Chris Burns / Jamestown S'Klallam Tribe

Sixty shellfish farms in Washington state have applied for federal disaster aid after a double whammy of extreme heat and afternoon low tides killed most of their oysters and clams in June.

They’re bracing for a second heat wave this week.

Many shellfish operations in south Puget Sound and Hood Canal reported losing the majority of of their saltwater livestock during the June heat wave, according to Travis Martin with the U.S. Department of Agriculture’s Farm Service Agency.

“From the site visits completed so far, the highest mortality has been 95-99%, mostly in the southern inlets of Puget Sound near Shelton (Hammersley, Oakland Bay, Totten, Little Skookum),” Martin said in an email.

“We definitely had regions of our beaches where we lost 90% of our shellfish,” said shellfish grower John Adams of Sound Fresh Clams and Oysters. “Everything that was in the higher level of the beach is dead, is gone.”

Adams says his farm, located on Little Skookum Inlet outside of Olympia, lost at least 30,000 animals.

What shellfish farmers learned from the last heat wave

Other shellfish farms suffered little damage. Scientists are still sorting out why some areas fared worse than others.

“Some areas are doing okay, some got hit hard and others moderately. Lots swirling as to why the spottiness,” biologist Teri King with Washington Sea Grant said.

Washington state is the nation’s biggest producer of farmed clams, oysters and geoducks, with more than $100 million in annual harvests.

“We got pretty lucky here on the coast,” said David Beugli with the Willapa-Grays Harbor Oyster Growers Association.

On Willapa Bay and Grays Harbor, the low tides came mid-morning, exposing shellfish to the air well before temperatures reached their afternoon peaks.

Shellfish farmer and breeder Joth Davis says his farm, near the mouth of Hood Canal, also got lucky.

A well-timed north wind kept his oysters from baking in the mud.
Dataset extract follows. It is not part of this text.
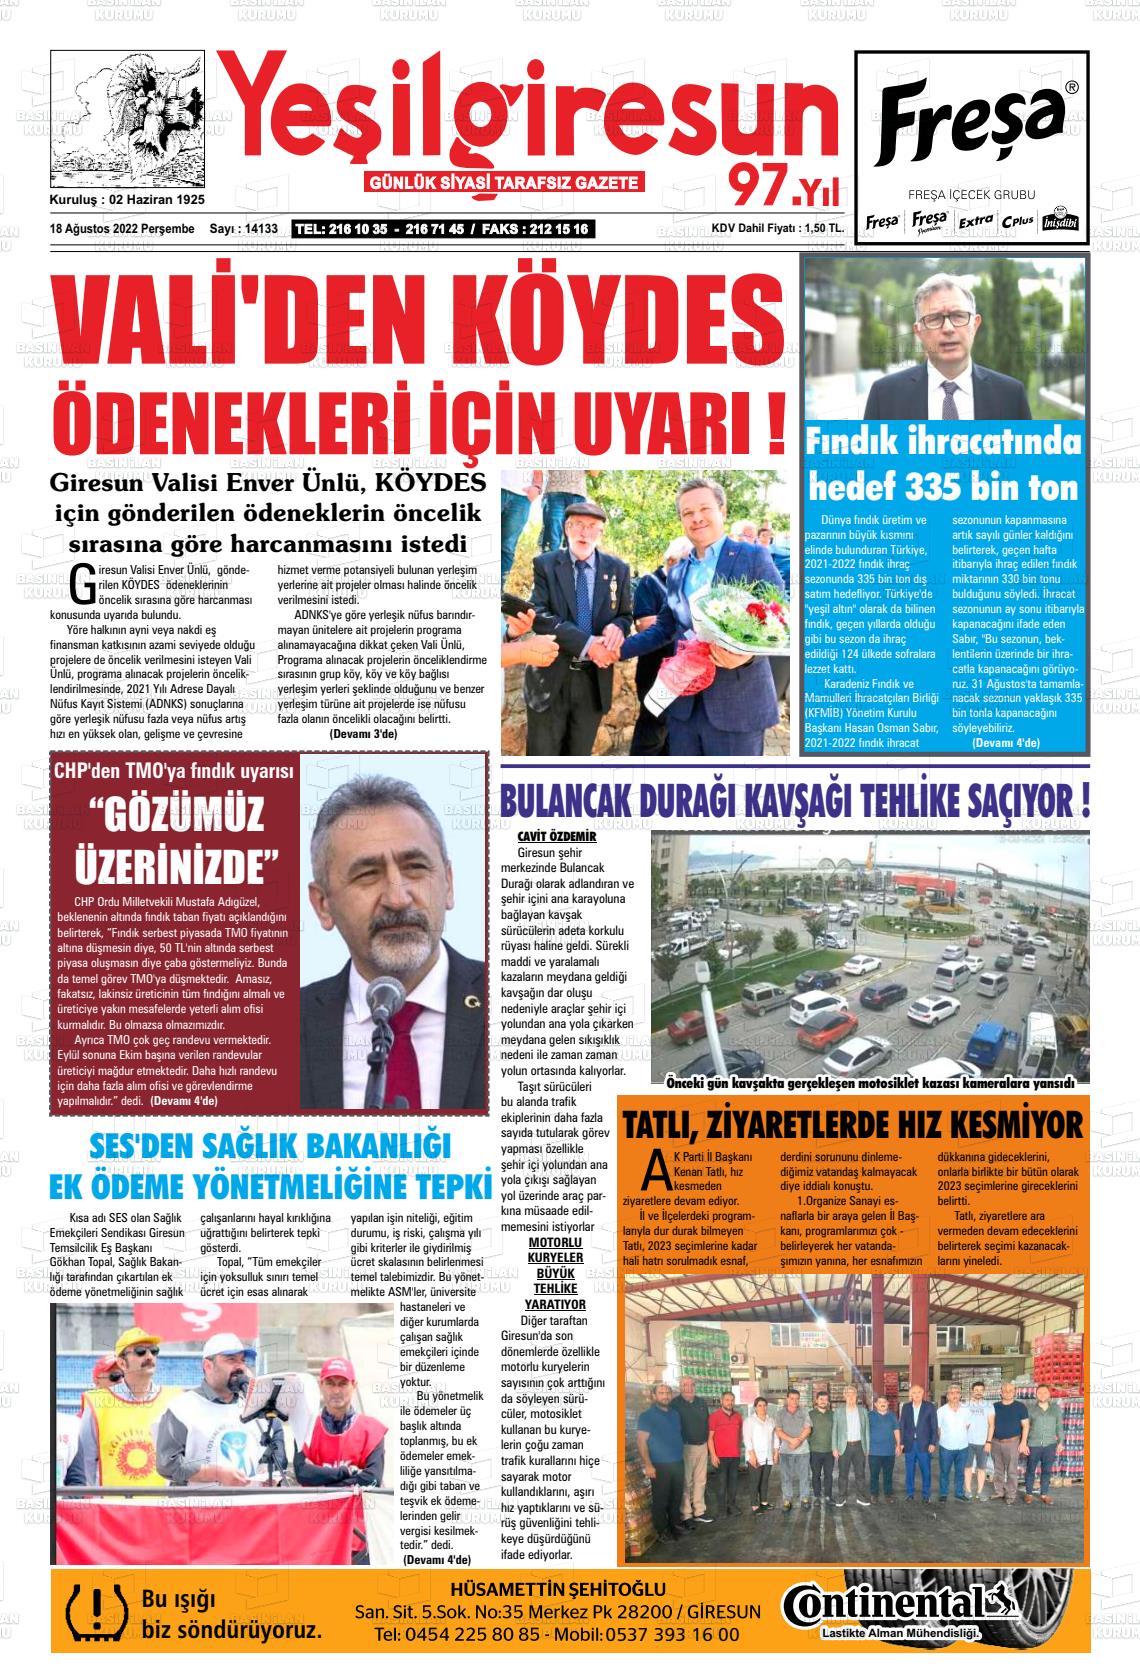 18 Ağustos 2022 Yeşil Giresun Gazete Manşeti
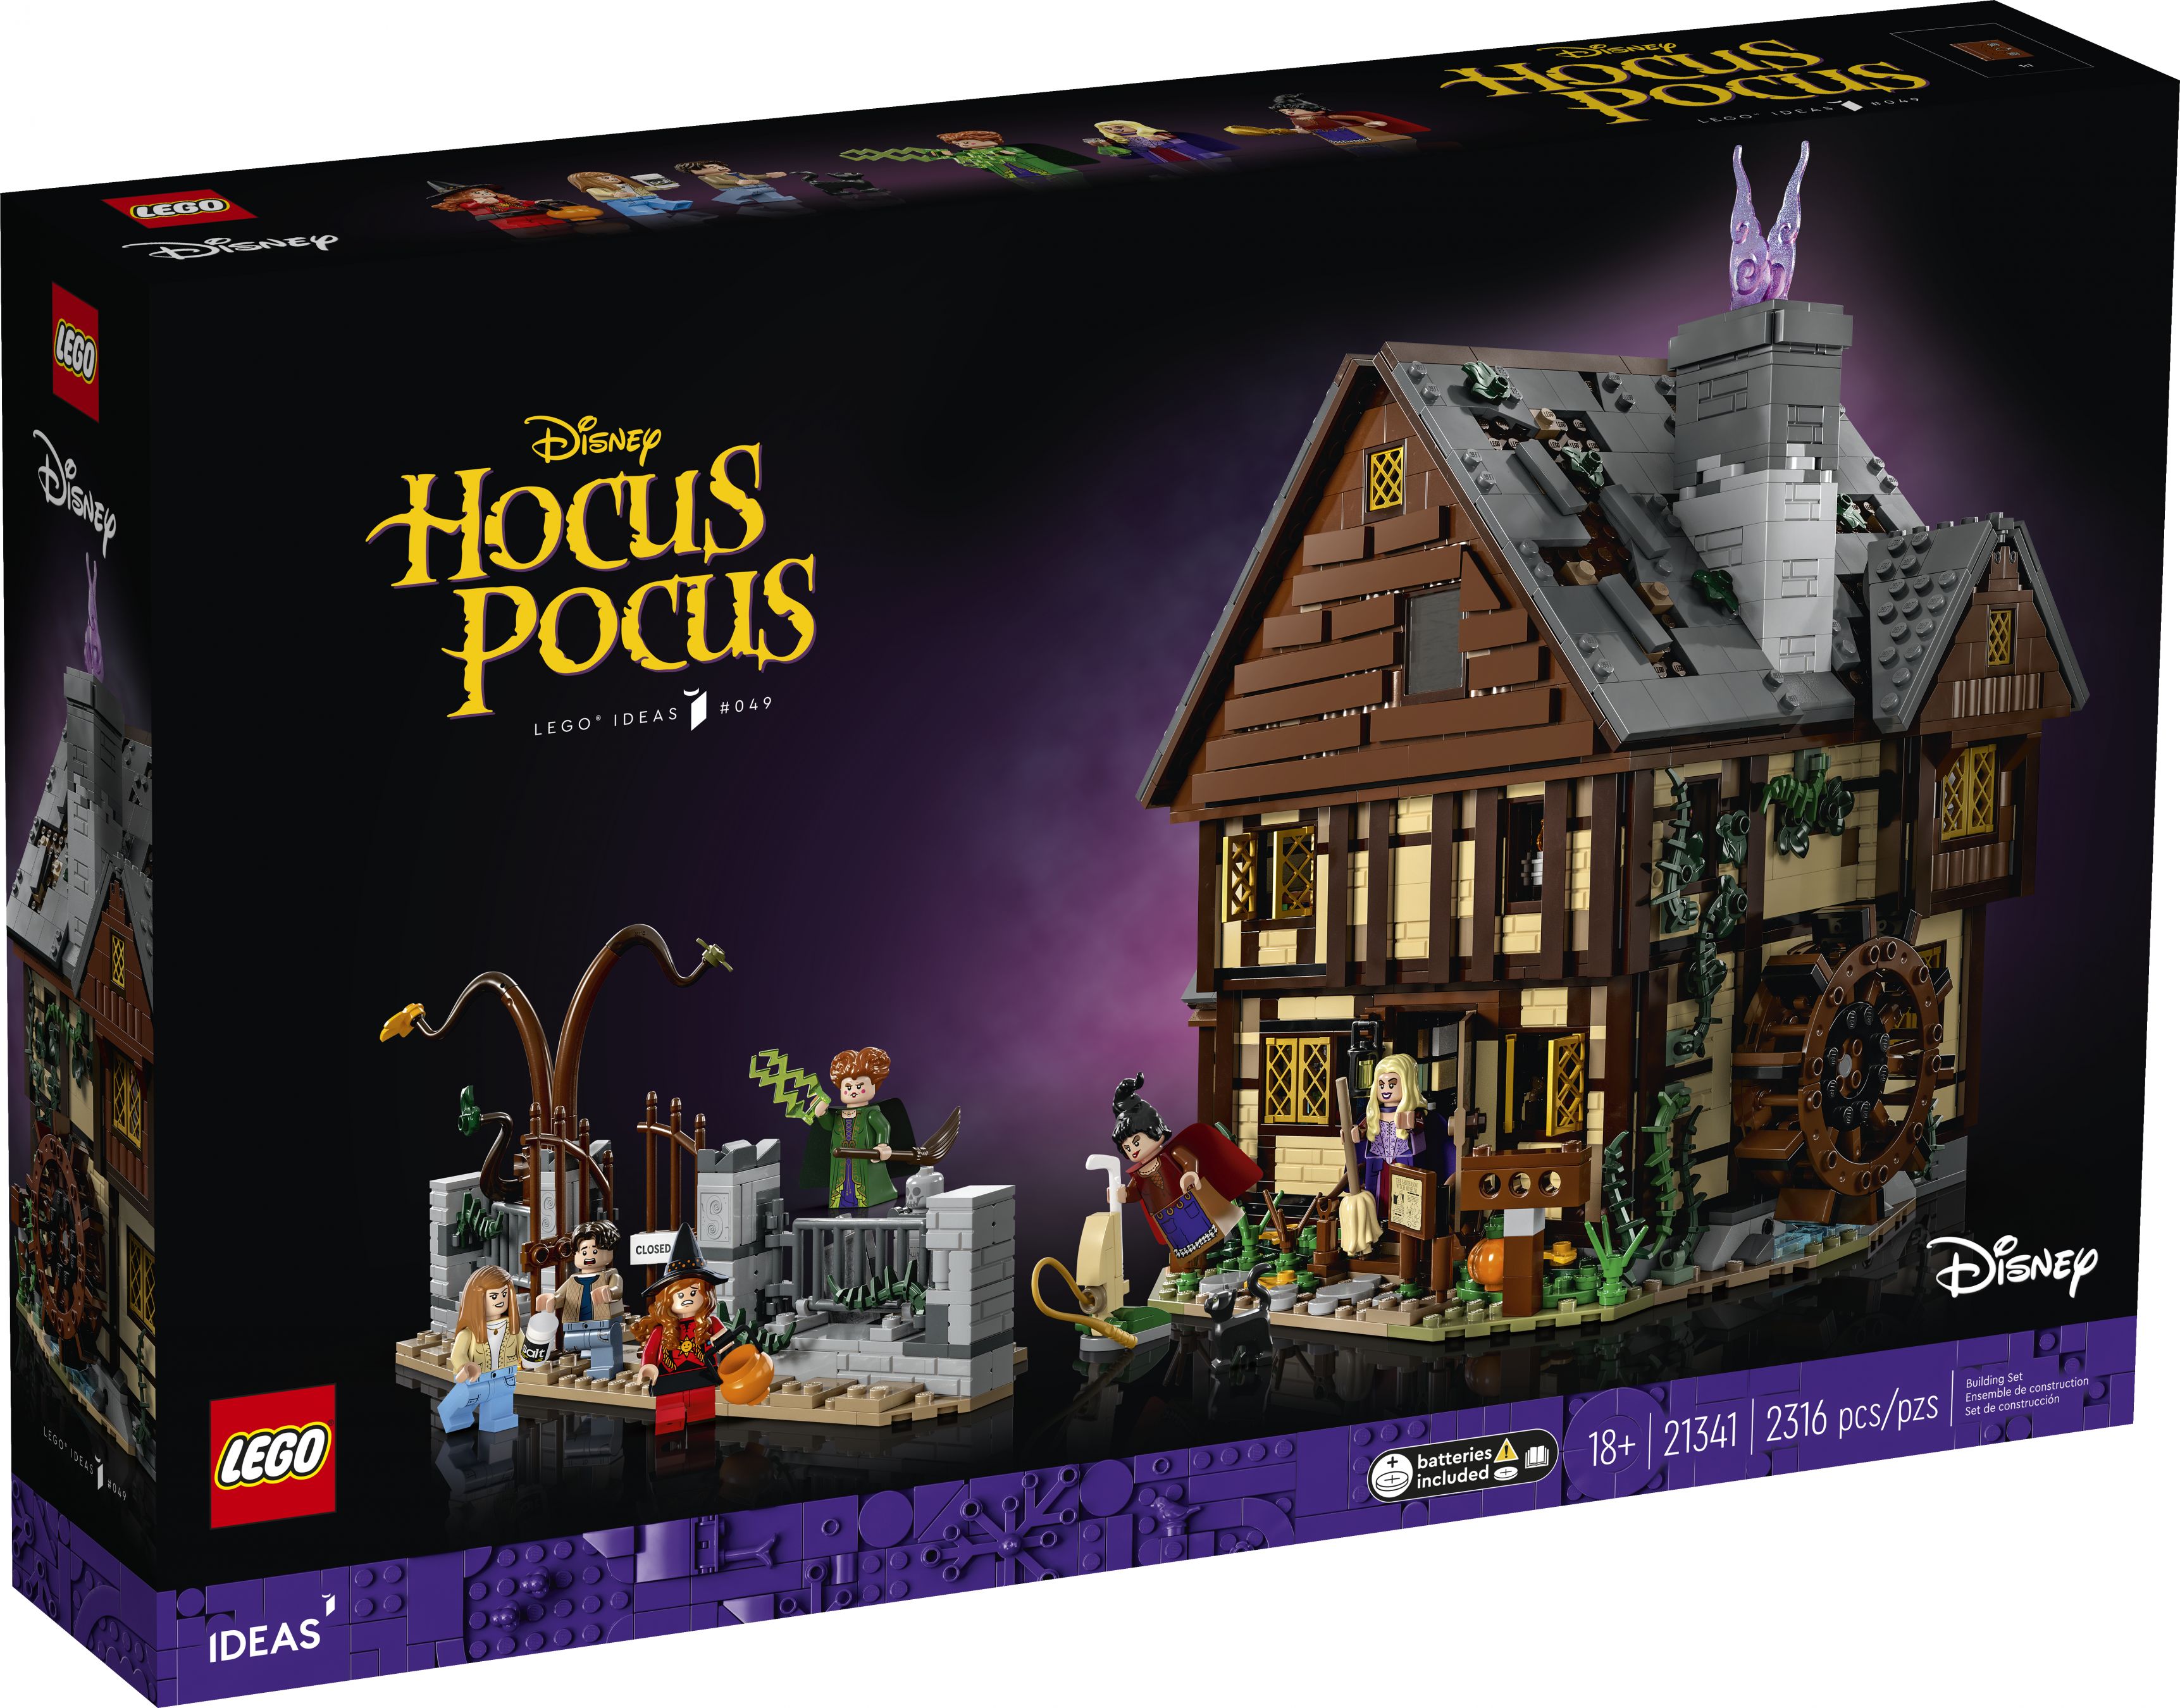 LEGO Ideas 21341 Disney Hocus Pocus: Das Hexenhaus der Sanderson-Schwestern LEGO_21341_Box1_v39.jpg

Davis’s crew also spread bedsheets over the oyster beds to keep the animals damp and shaded.

Other shellfish farmers reported moving animals to deeper water, harvesting them in advance of the heat and using garden sprinklers to tamp down the soaring temperatures of exposed shellfish beds.

Davis says he’s optimistic that Washington’s shellfish industry can adapt to a changing climate.

“You have to be an optimist to be a shellfish farmer. You just have to be," he said. "I can't dwell on doom and gloom, though I will say, of course, the trends are not good. But there are also tools in the quiver that we can use.”

Davis is the head of Pacific Hybreed, a company that aims to breed shellfish more resilient to heat, acidification, and diseases – in short, all the hazards that an ocean altered by climate change presents to aquaculture.

Davis says his optimism relies on humanity being able to stop adding heat-trapping carbon pollution to the sky.

“Just decarbonize,” he said. “That is at the end of the day the fundamental cause and the first-line solution. It's not going to be easy, and no one's saying it is, but we just have to do it.”

Other farmers wonder how long the solutions they're using to combat rising temperatures can last.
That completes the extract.